You can override config values via command line:

```bash
accelerate launch --multi_gpu --num_processes 4 --mixed_precision bf16 \
    train.py \
    --config configs/example.yaml \
    --model_path "WeDLM-7B-Base" \
    --output_dir "outputs/custom-run" \
    --attention_backend "dense" \
    --rebuild_cache
```

---

## Output Structure

After training, the output directory will contain:

```
outputs/my-sft-run/
├── training_config.yaml      # Saved training configuration
├── deepspeed_config.json     # DeepSpeed config (if enabled)
├── .packed_cache/            # Cached preprocessed data
├── checkpoint-500/           # Intermediate checkpoint
├── checkpoint-1000/          # Intermediate checkpoint
└── final/                    # Final model checkpoint
    ├── config.json
    ├── model.safetensors
    ├── tokenizer.json
    └── ...
```

---

## Tips

1. **Memory Optimization**: Use `deepspeed_offload_optimizer: true` to offload optimizer states to CPU, reducing GPU memory usage.

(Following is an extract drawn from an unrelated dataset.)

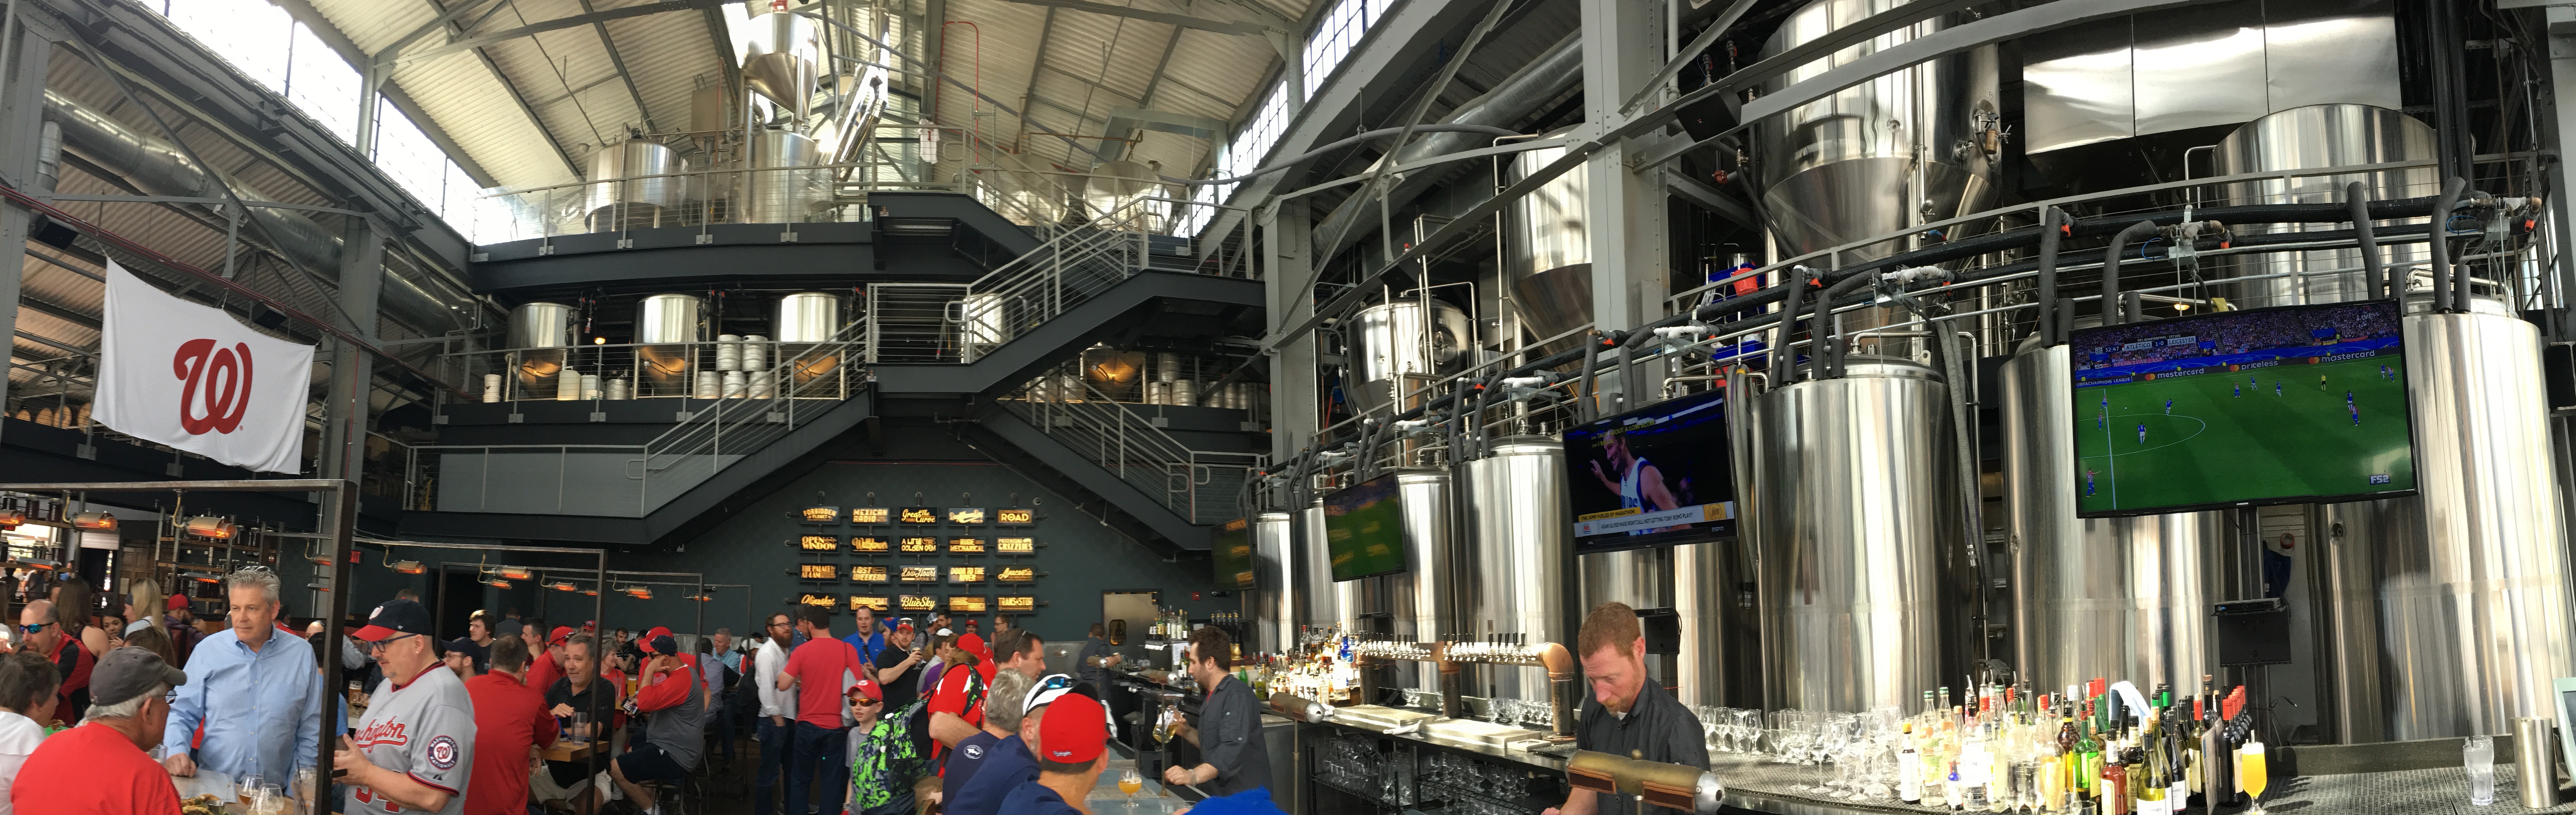 Visiting the Bluejacket Brewery in Washington D.C. during the 2017 Craft Brewers Conference prior to the Washington Nationals game.
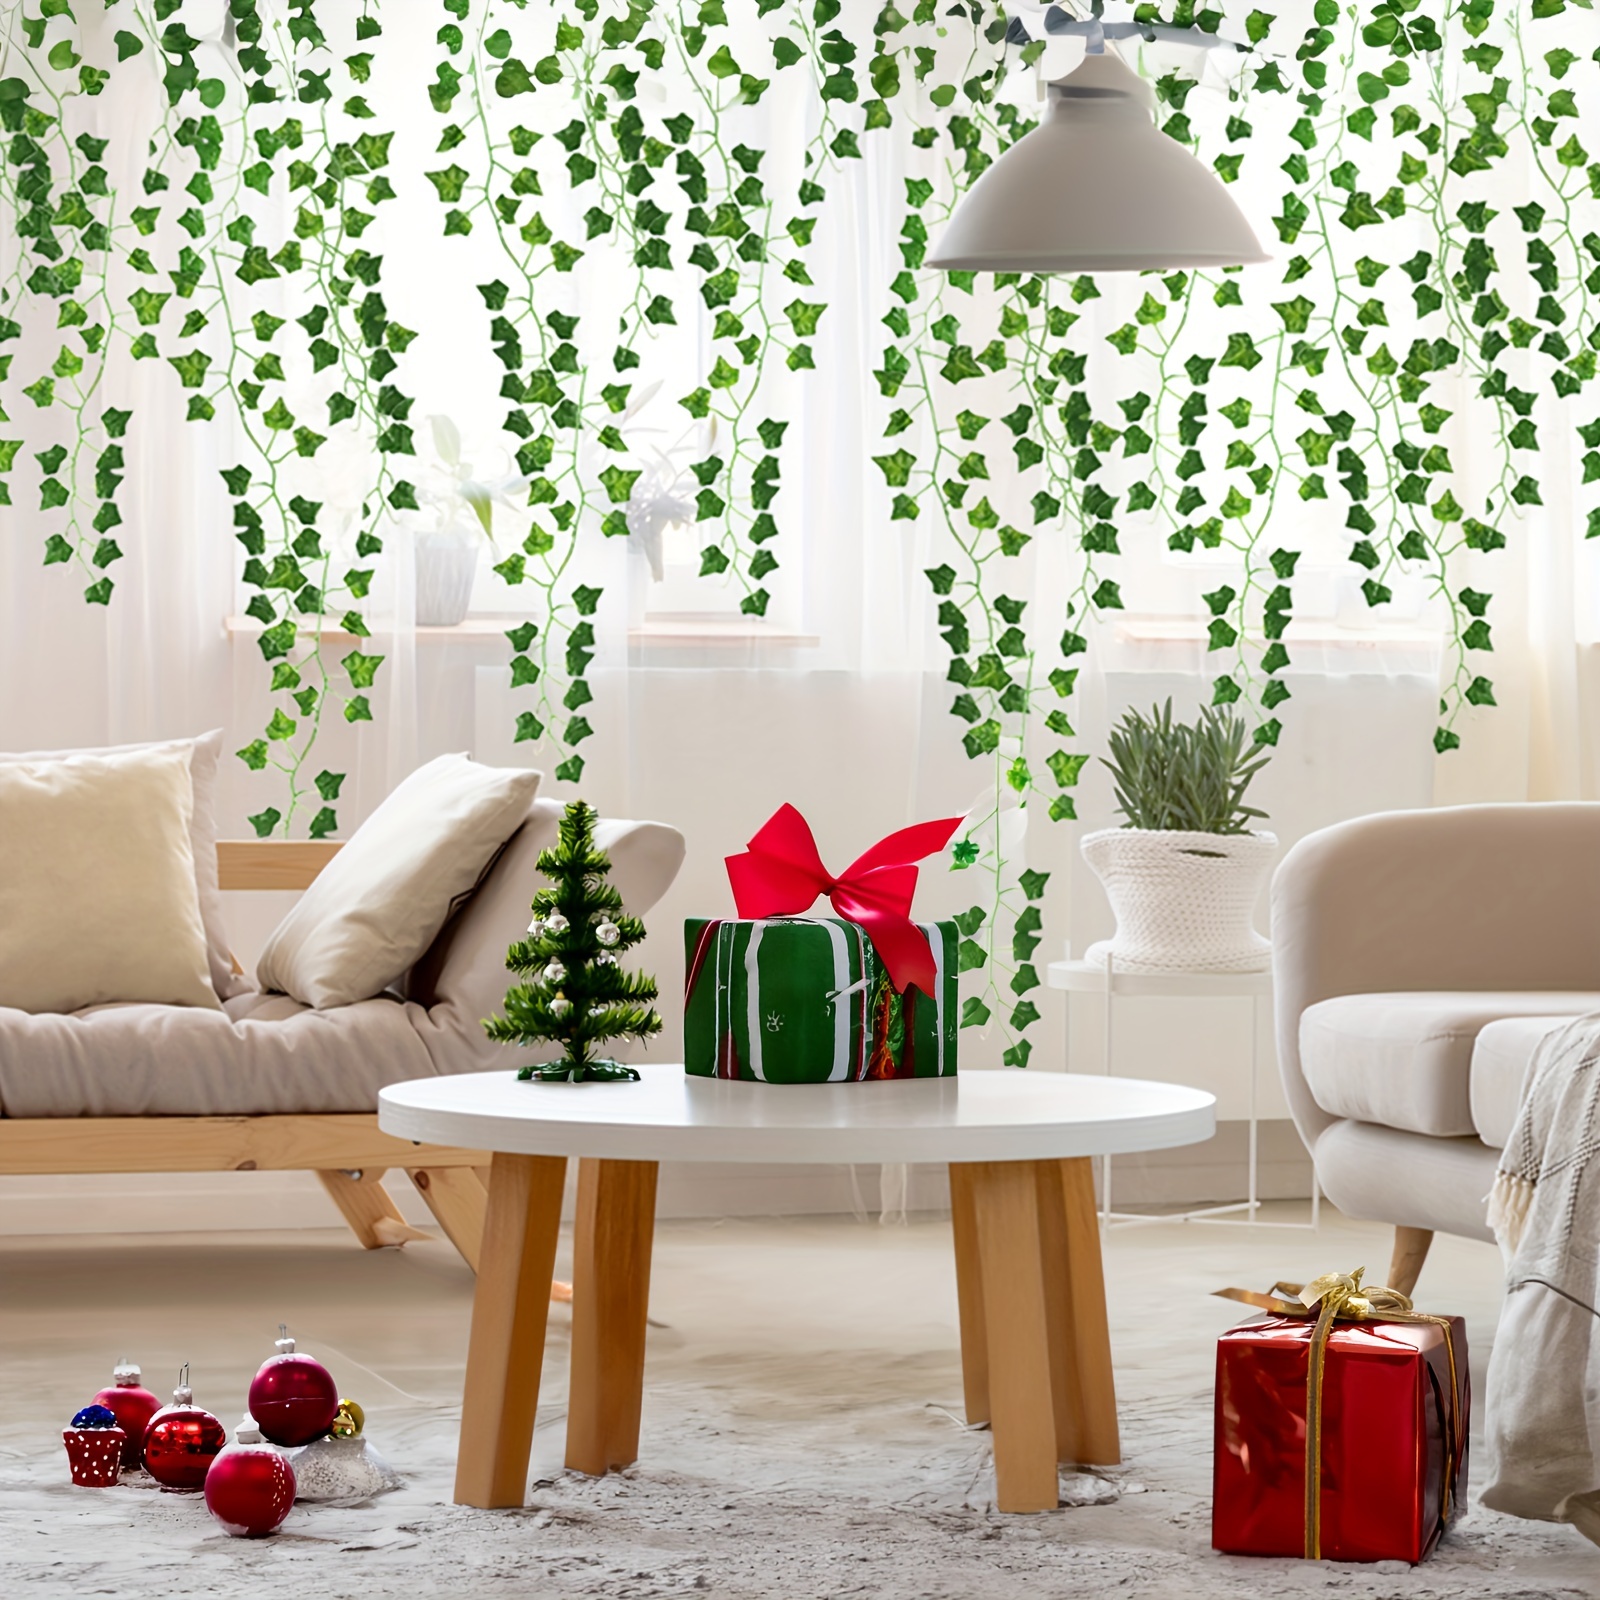 Fake Ivy Leaves, Artificial Ivy Greenery Vines For Room Decor ...

2. **Attention Backend Selection**:
   - Use `dense` for compatibility and debugging
   - Use `magi` for optimized training with complex attention patterns

3. **Data Caching**: The trainer caches preprocessed data. Use `--rebuild_cache` to force regeneration if you modify your dataset.

4. **Multi-node Training**: Configure accelerate for multi-node setup and adjust `gradient_accumulation_steps` accordingly.